Skip to contents

Downloads a designated corpus available for the text2map.corpora package, hosted on GitLab. While some are included when the package is installed, some corpora need to be downloaded just once per machine. Downloading may take a while. If no location is specified, the file will be saved in the package's data folder allowing the corpus to be loaded with load_corpus(). If a location other than the package's data folder is specified, the corpus can be loaded with load_corpus(corpus, location).

Usage

download_corpus(corpus = NULL, location = NULL, force = FALSE, quiet = FALSE)

Arguments

corpus

Character string indicating corpus name to be downloaded

location

Default is NULL and will save in the R package data folder.
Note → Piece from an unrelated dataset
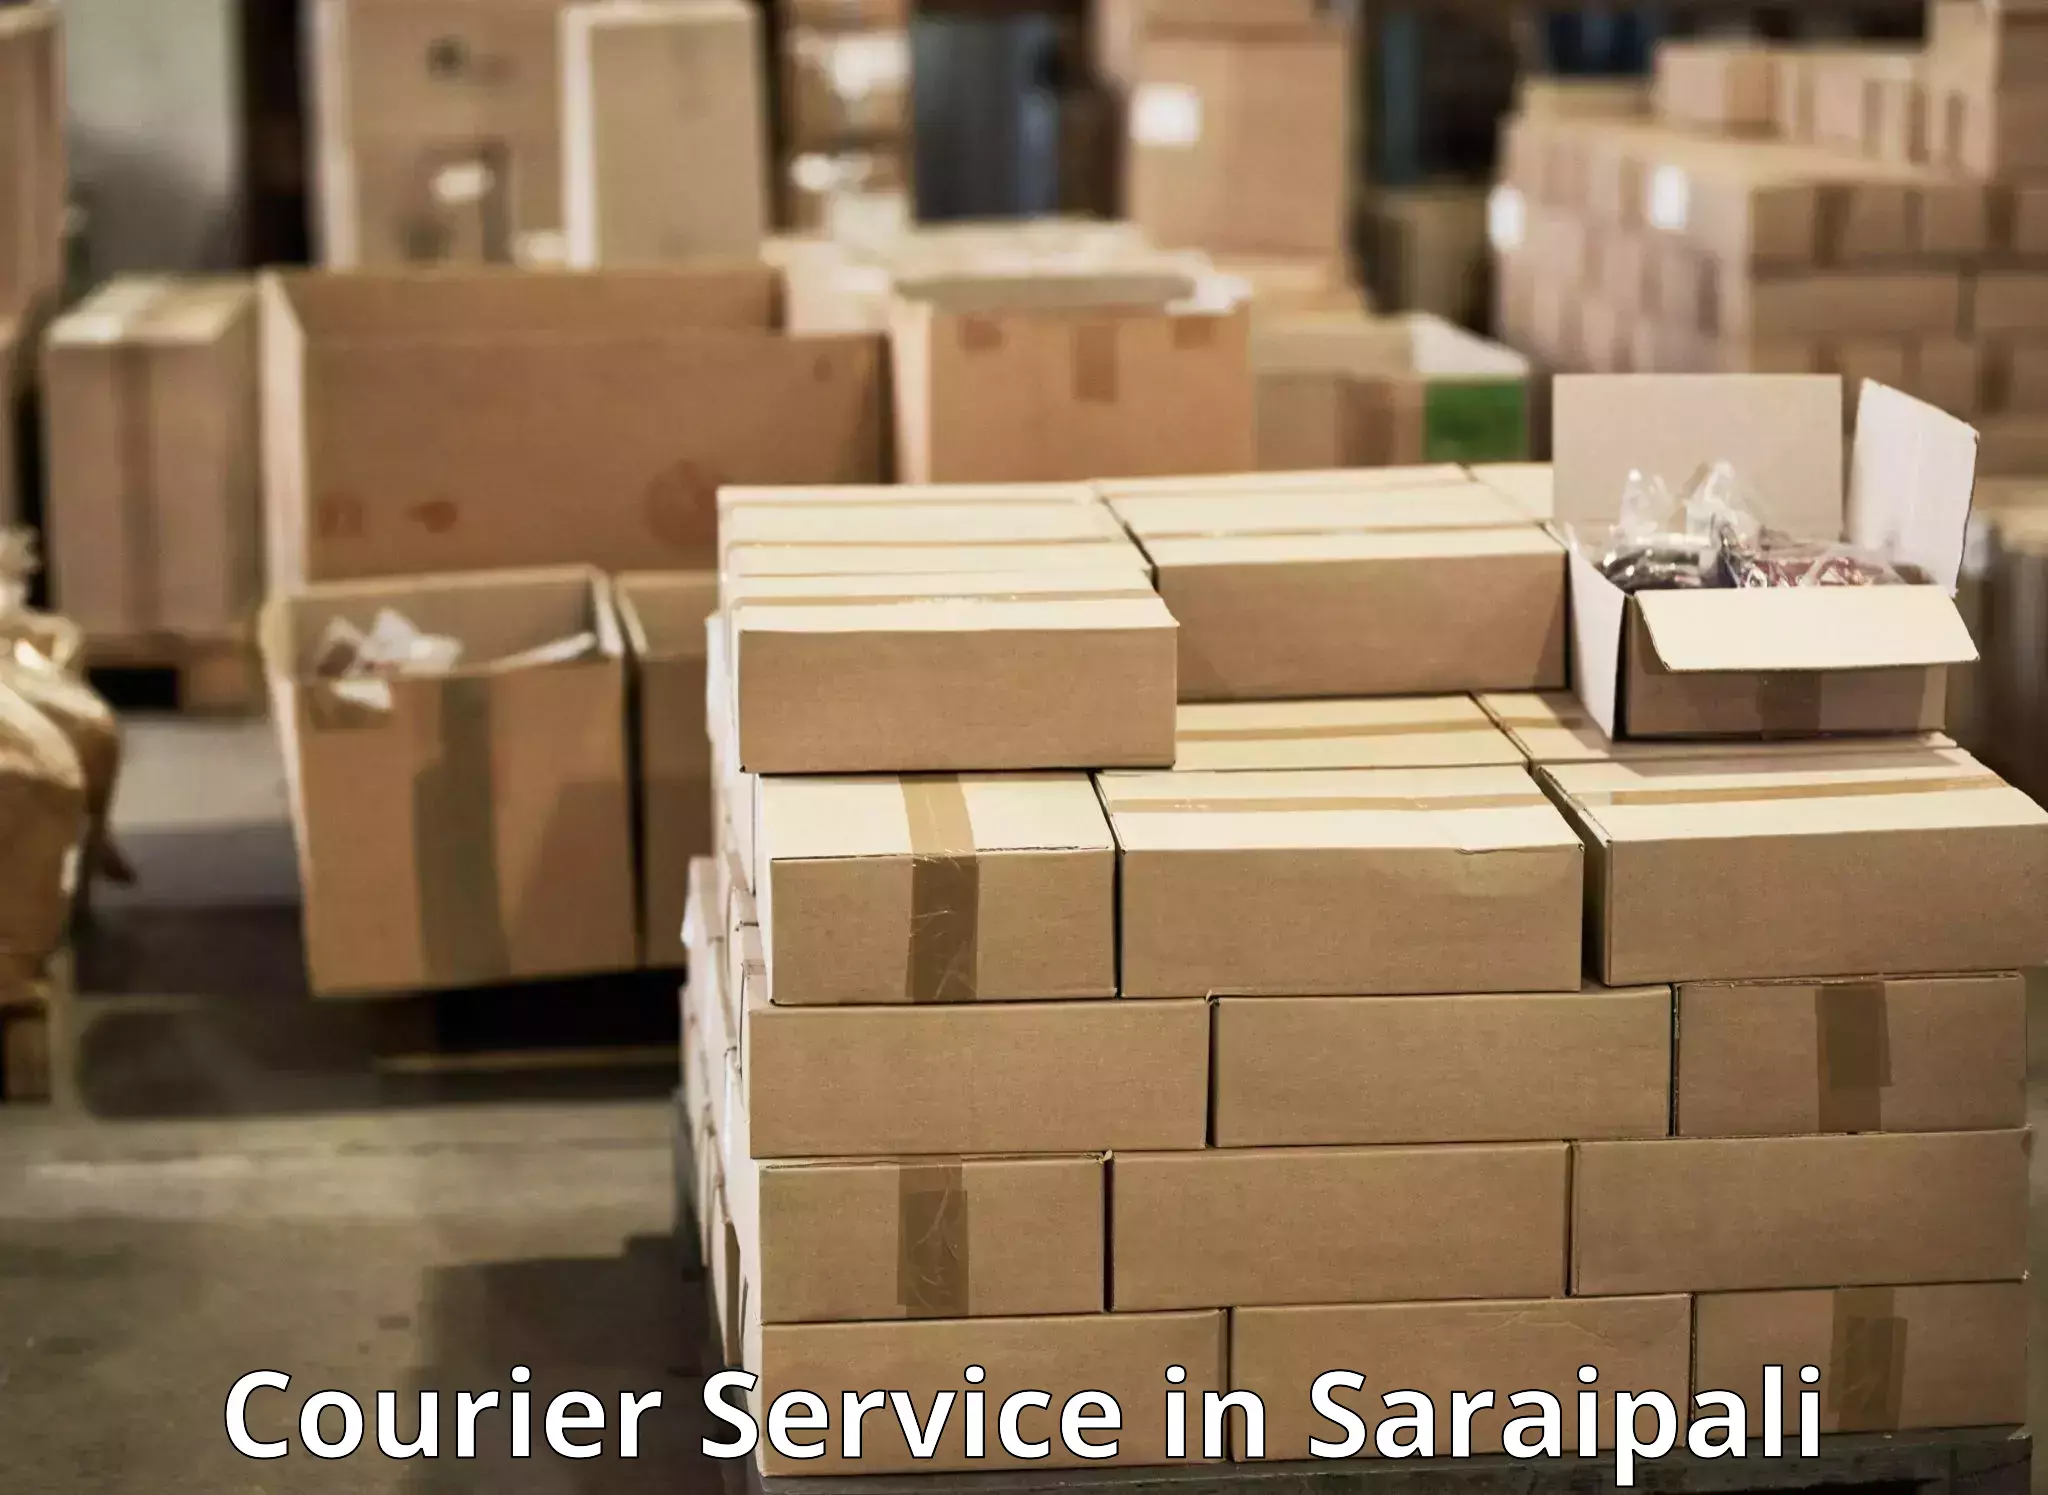 Customer-friendly courier services in Saraipali

If desired, specify saving the corpus elsewhere (Note: if saved elsewhere, use load_corpus(corpus, location) instead of data())

force

Default FALSE. If corpus already exists locally, download will be stopped unless TRUE.

quiet

Logical (default FALSE) to mute messages

Details

The function tries to download in the following format priority:

  1. .qs2 - Fastest loading (recommended)

  2. .fst - Fast loading, data.frame only

  3. .rda - Standard R format with best compression

The package also includes curated lists of Tweet IDs which (in theory) can be "rehydrated" to rebuild a Tweet corpus:

  • tweetids_covid_geo

  • tweetids_covid

  • tweetids_gme

  • tweetids_stayhome

Author

Dustin Stoltz